How did the existence of these semi-traditional ethnic working class communities, these societies within a society, impact the labor movement? First, consider the workers’ aims and motivations. Immigrants worked long hours in the factories, but the real locus of their lives and aspirations was in the neighborhoods. This meant that while they might be prepared to be very ‘militant’, especially when their families were starving, the nature of their demands tended to be what revolutionaries thought of as ‘economistic’. (This applies not just to workplace struggles but also to eviction resistance and demands for poor relief, e.g. during the Great Depression.) This wasn’t because the immigrants had been imbued with capitalist values, or because they only cared about material advancement. It was because they already had in their communities, in their families and churches and local shops and fraternal clubs, something worth preserving – and toiling away for industrial capital was a means to this end. They weren’t about to risk everything for some radical dream of revolutionizing relations on the job, because they weren’t looking for personal fulfillment from their jobs (not to mention the fact that they tended to be relatively uneducated and unskilled, and were confronted by an increasingly complex and technical system of industry – remember this was the era of Taylorism, mass production, etc!). So here we have a case of ‘conservative’ motivations contributing to labor struggles, but weighing against ‘radicalism’. Political radicalism (I think – I don’t have any specific source in mind here) tended to be strongest among single young men or workers detached from any tight-knit community. A kind of radicalism could also be born of desperation, but it wasn’t likely to become a creative force.
Second, consider conflicts between ethnic groups. These conflicts were not just based on what we think of today as prejudice or racism. Preferential treatment among members of a immigrant community at the expense of others was part of collective self-help, and this was a viable way of rising in society. There were real gains and privileges to be won, because despite ups and downs American capitalism was booming – remember this was the beginning of the era of mass-produced consumer goods, automobiles, etc. So ethnic groups were not just fighting to preserve their communities, they were competing for the best terms of integration into capitalism, for access to the prosperity that the rise of industry promised. Capitalists could exploit this competition, and of course they did. So for example in the 1919 steel strikes loads of black strike breakers were brought in and spies were sent into the unions to stir up animosity between ethnic groups. Although in the context of any particular labor struggle it was generally in the real interests of different ethnic groups to co-operate with each other, the hostilities that made this co-operation so difficult to achieve grew out of a wider situation in which the real interests of these groups were often at odds. So here we have a case of the ‘progressive’ desire to integrate into and benefit from capitalism – which of course motivated labor struggles – working against labor unity, and thus limiting what the labor movement could accomplish. (On a related note, unions themselves were open to being captured by factions – think crime syndicates and the Teamsters – and used as yet another lever in their own advancement. This was obviously destructive of an effective labor universalism, let alone radicalism.)
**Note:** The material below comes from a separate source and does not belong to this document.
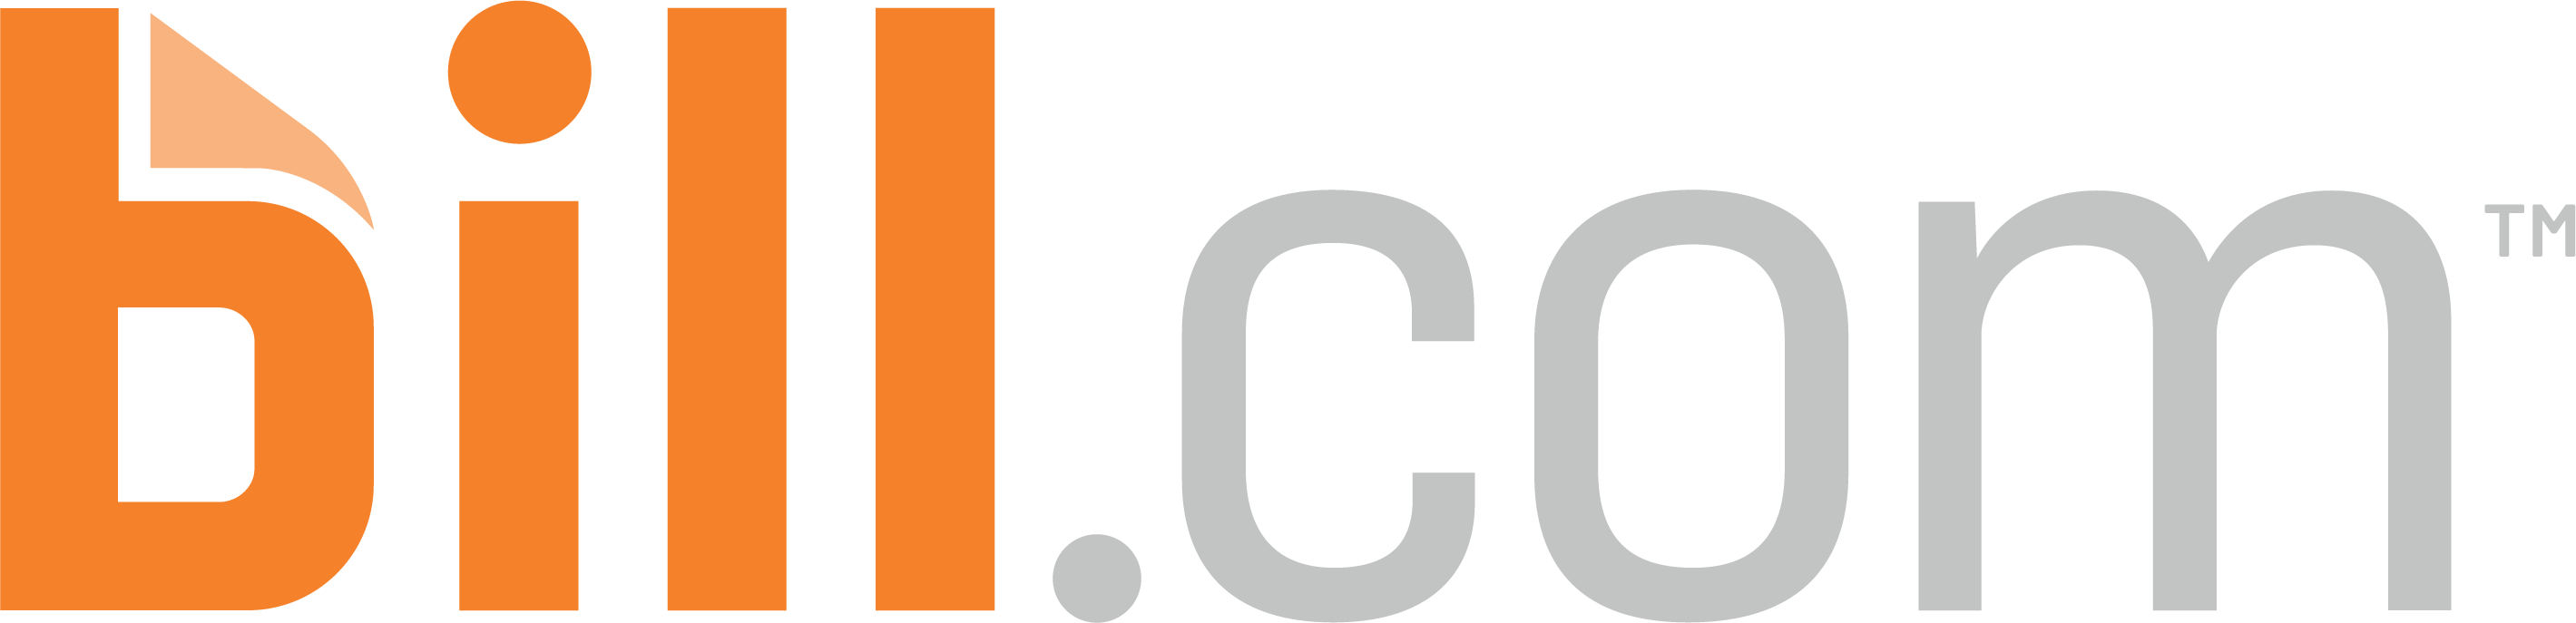 Bill.com_Logo_2019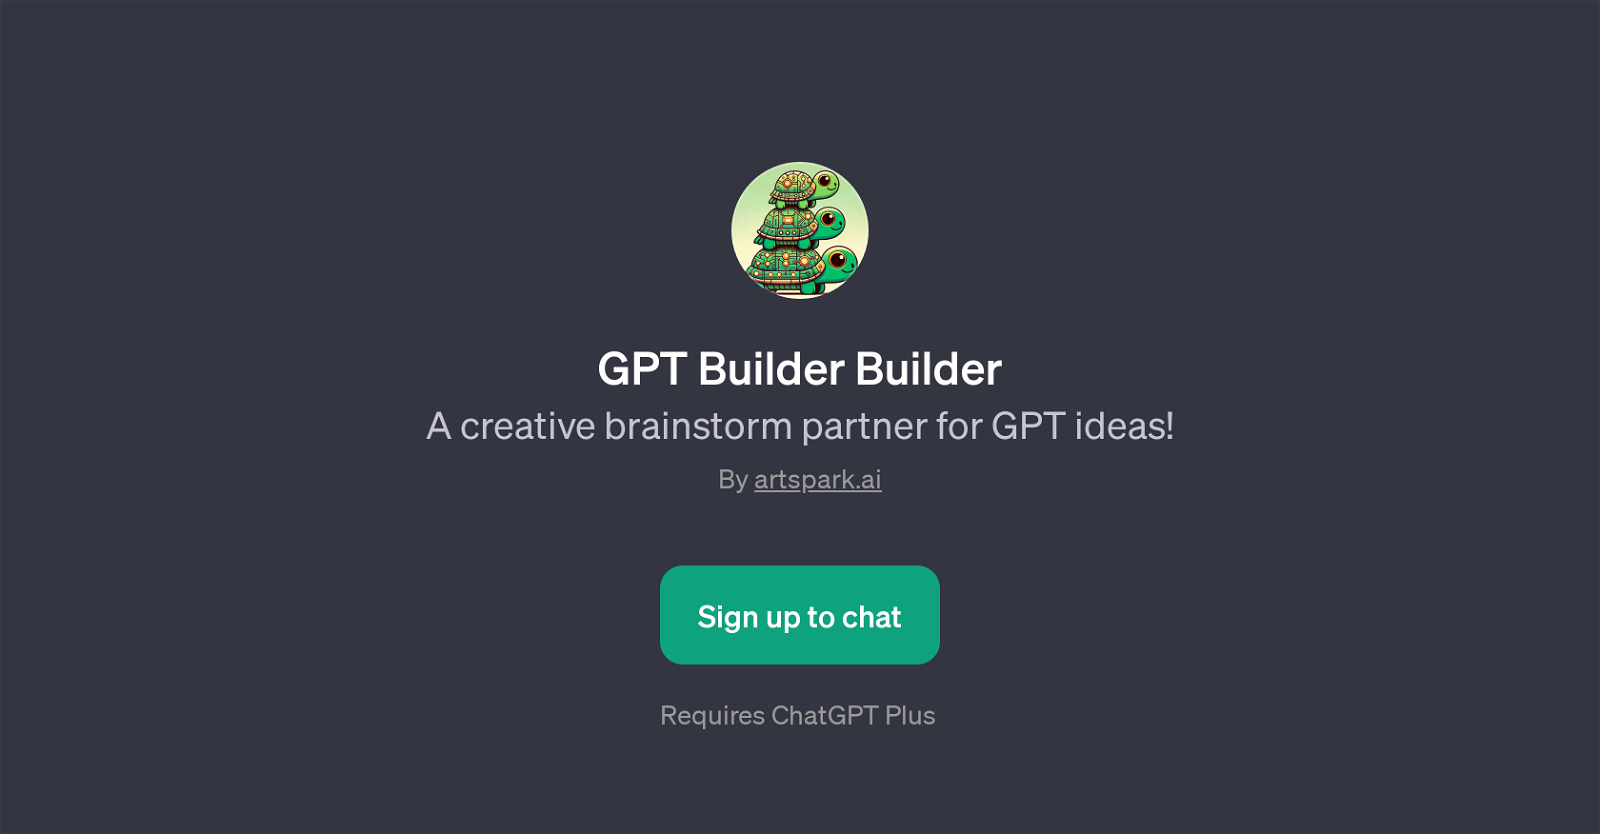 GPT Builder Builder website

The contrast with today is sharp and important. Of course there are still many layers of privilege within the working class, but there are two huge differences today: first, the fact that the various strata are no longer organized as communities whose members’ fates are bound up together so that they are really in competition as groups; and second, the fact that the direction of motion has changed, so that instead of rising prosperity we have general decline – today it is a matter of the top strata being squashed down, rather than the bottom ones clawing their way up. This gives us a chance to build a new universal kind of community that unites the whole working class, simultaneously reflecting and further creating the historical conditions in which our real interests more and more coincide – and it means that although capitalists will still try to exploit the remaining divisions they will not have so much success. The upshot is, today the working class has little left to ‘conserve’ and capitalism can no longer offer it room to ‘progress’ – so it has to become radical.
This is getting really long, so I will end here even though this picture is far from complete. As you saw, I at least started to answer your question about capitalists reorganizing and reforming in Global Capitalism in Crisis: What Next?. I’ll add a few more thoughts about this when I respond to your comment on that post. (Here they are.)
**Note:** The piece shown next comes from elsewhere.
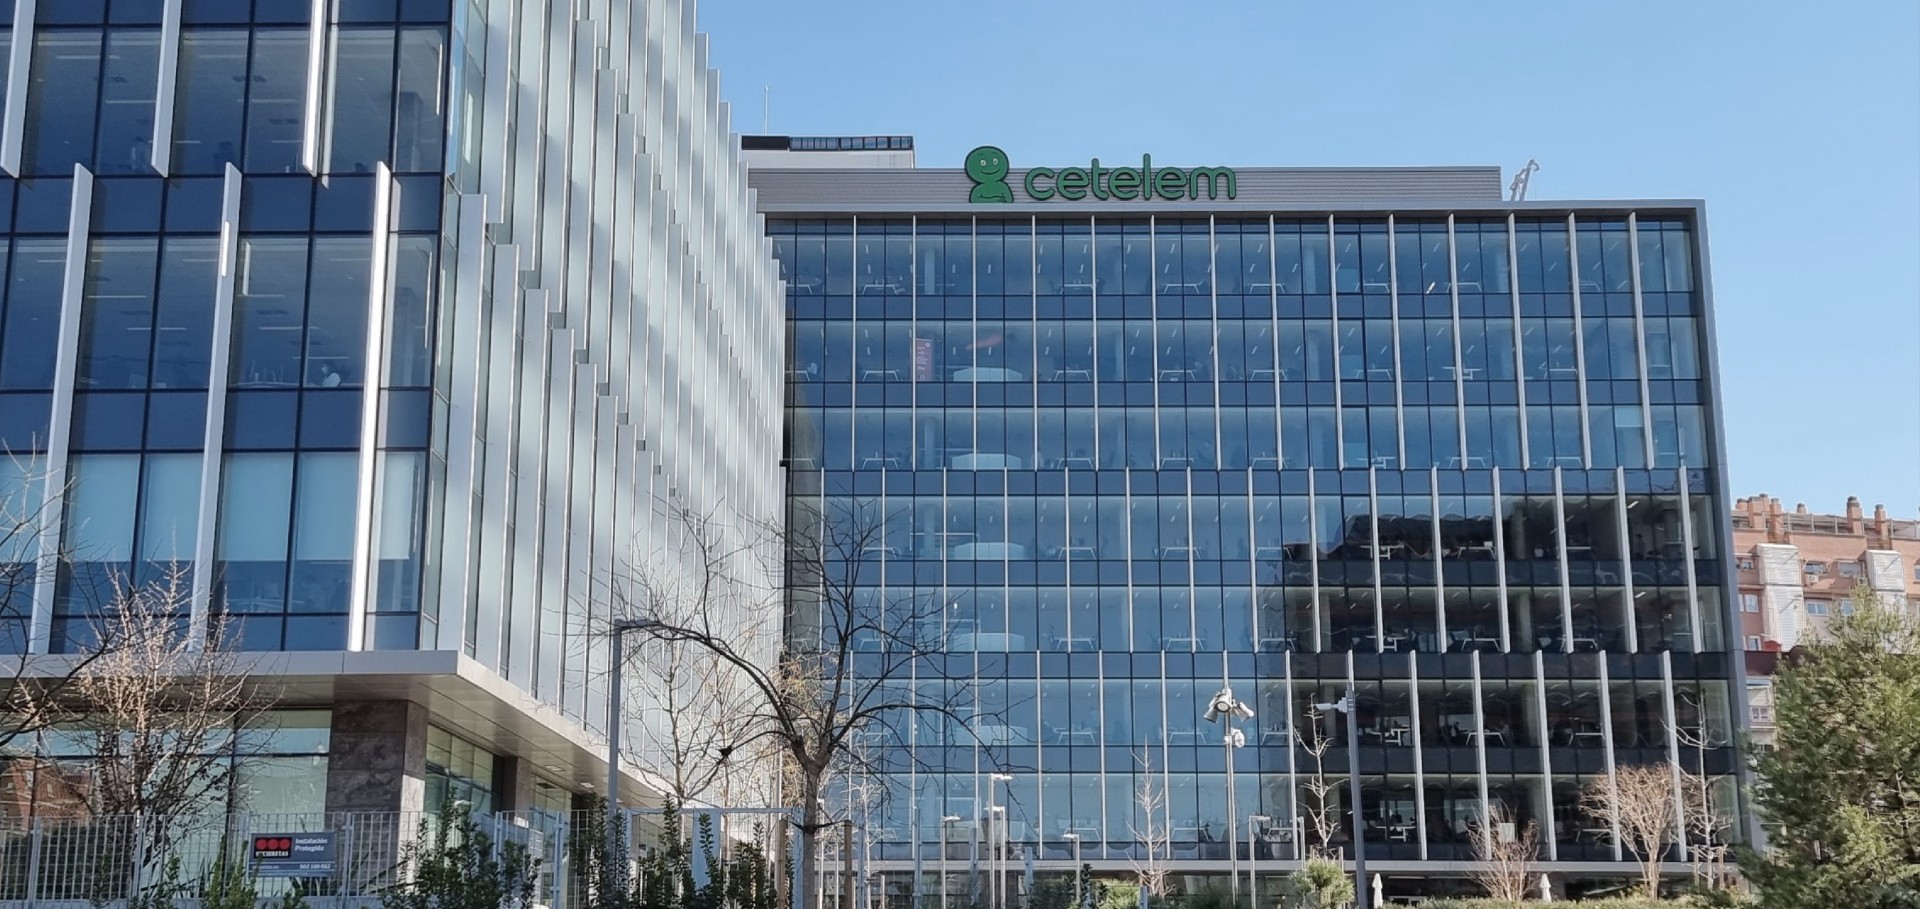 Fotografía de la fachada de las oficinas de Cetelem en Madrid Río

“a feeling that it is both unnecessary and dangerous to work toward goals like winning contracts, supporting full-time organizers, and building unions with permanent activities beyond whatever struggles are going on at any given time (…) means that we won’t be able to accomplish much at all.”
Why? Is it because of what you see as the absence of “much in the way of positive theories of movement-building” or is it because “winning contracts [and] supporting full-time organizers” are required to “accomplish much”? Or something else?
“While in a sense it is true that workers were betrayed by CIO leaders and so on, this was more or less inevitable”
It was inevitable that the CIO opted for no strike clauses? How so? And either way I don’t see what the point of the claim is.
“we are able to do things that were impossible in the past: we will be able to build a genuinely radical and democratic worker movement that is not corrupted and co-opted by capitalism.”
I don’t think this claim makes sense. We have no more and no less knowledge that this project is possible today than anyone else thought they had in the past, and claims to the impossibility of this project in the past seem to me questionable intellectually for sure and perhaps politically.
“this movement will not just look like the “alternative unionism” of the past, writ large. We have to build institutions specifically suited to our own time.”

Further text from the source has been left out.